Un fresco que abriga mi piel,
un olor que llama a mi apetito,
y tú, alma que persigue a mis pies.
Caminar sin tener respuesta,
ver con la ignorancia por delante
sonreír, sin motivo, sin temor,
sonreír porque te tengo aquí.
Pasan los días, horas y minutos
y te siento tan cerca como el primer día.
No hay montaña que me impida verte,
no hay marea que me impida navegar
hasta el flujo de tu corazón,
no hay viento que me impida
alzar mi cometa al cielo
para decirte: “Amore, estoy aquí”
miércoles, 2 de junio de 2010
Todo viene y va.

Las nuevas tecnologías invaden nuestro día a día y hoy curiosamente, me di cuenta de cómo escasea la comunicación por carta. Nos dejamos influencias por la novedad, y queremos la máxima comodidad.
Mientras escribía hoy una carta, vi como cada palabra es un sello tuyo, como al deslizar el bolígrafo dejas parte de ti, es mas carnal, es más humano que mandar un e-mail, tecleamos botones, dejas que tus dedos se deslicen en un teclado, pero en cambio, sobre el papel te deslizas tu mismo, nadie hará como tu ninguna letra, es tu toque personal, tu esencia.
Me asusta pensar en las generaciones siguientes, ¿no tendrán ni teclado? Con tan solo pensarlo, el ordenador ya lo escribe? ¿Nos insertarán un chip en la mente? Estamos dejando de lado lo carnal.
Yo creo, que aún siento ese calor en la cercanía, ese calor en tus letras, en tus palabras y en tus pensamientos, me adentro en ti sin temor alguno, sé que soy bienvenida, sé que me cuidarás allá donde este, se que te tengo y me tienes, sé que no te olvido ni me olvidas.
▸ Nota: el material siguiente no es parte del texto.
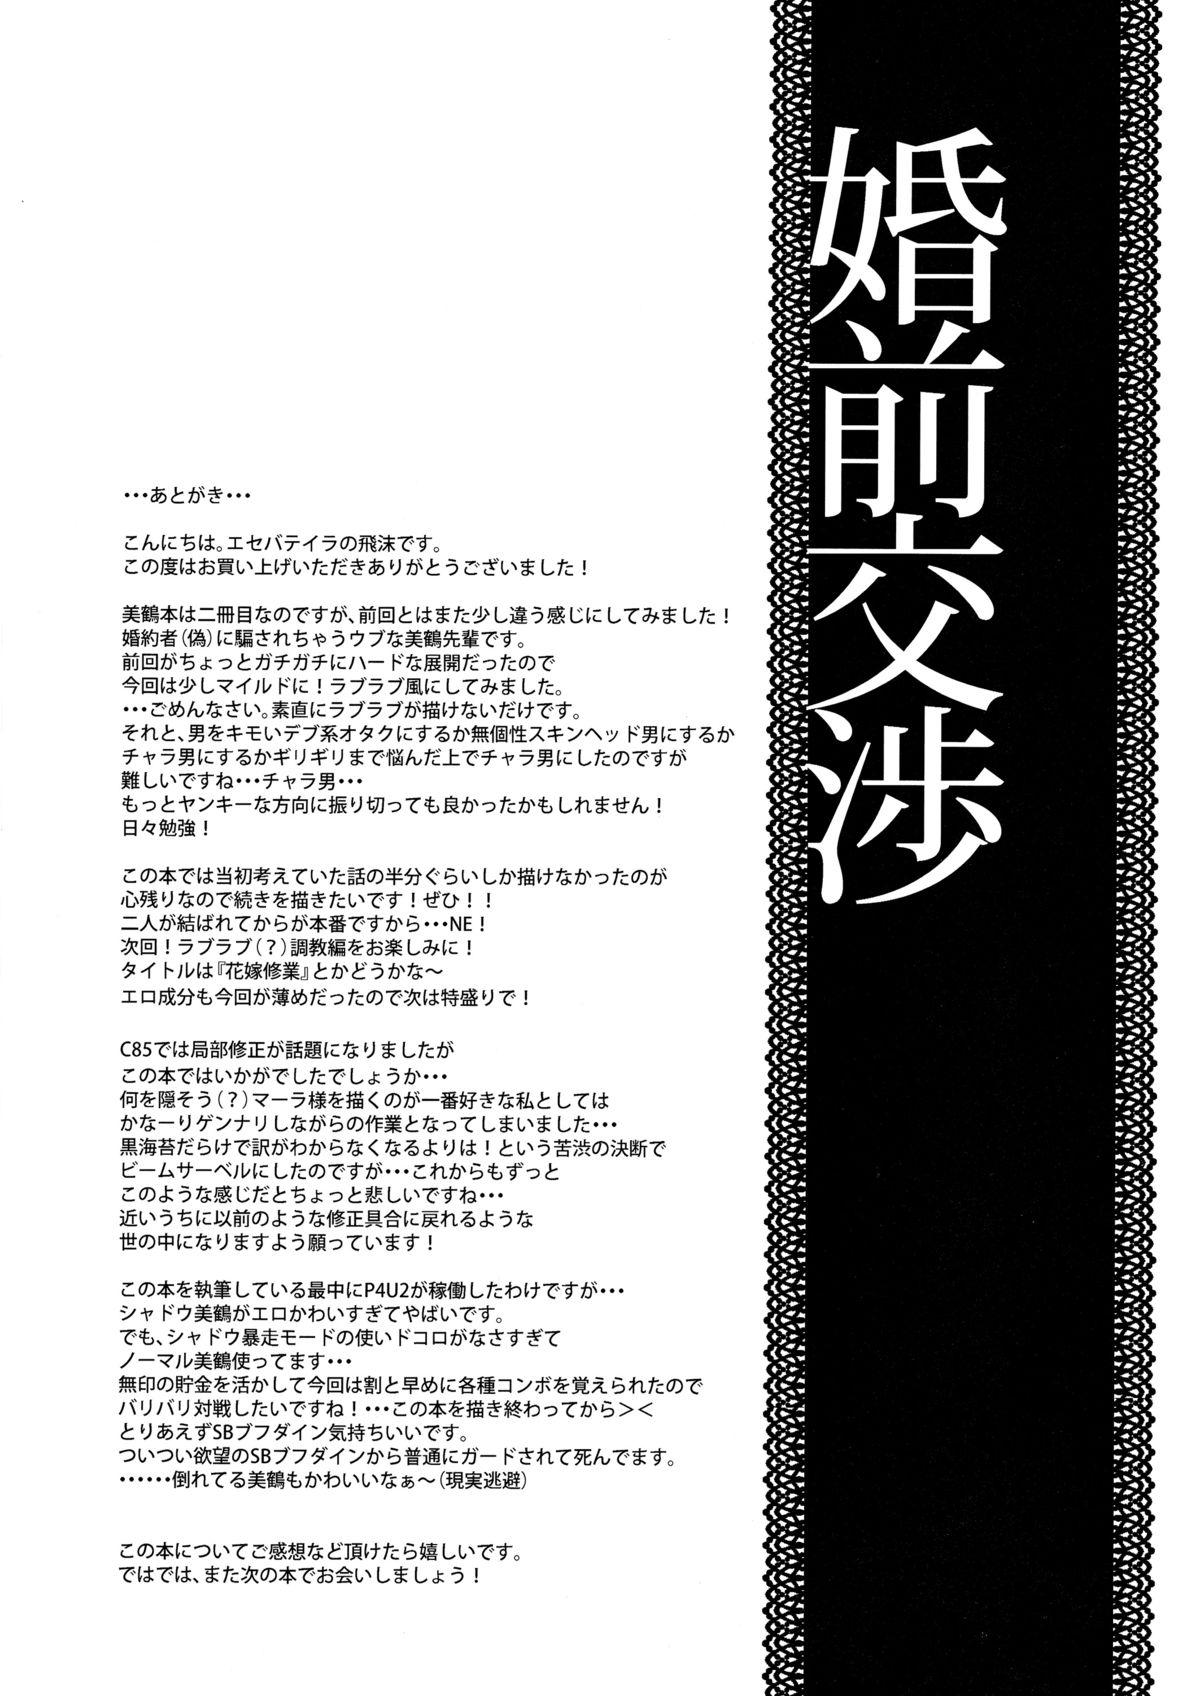 Peituda Konzen Koushou - Persona 3 Wife - Page 24

Mi regalo, tu sonrisa, mi te quiero siempre hoy.
Quisiera escribir en ti cada caricia que mis manos desprenden, escribir en ti los besos que mis labios ruegan cada mañana tenerte, escribir la eternidad de mi deseo, escribir la belleza de tus ojos en mi vientre, escribir tu desenfreno en mi locura, escribirte el verbo saciar una y mil veces.
jueves, 1 de abril de 2010
Al final todo llega (IV)
Capítulo 1 (I)
Perturbas hasta el flujo de mi sangre (II)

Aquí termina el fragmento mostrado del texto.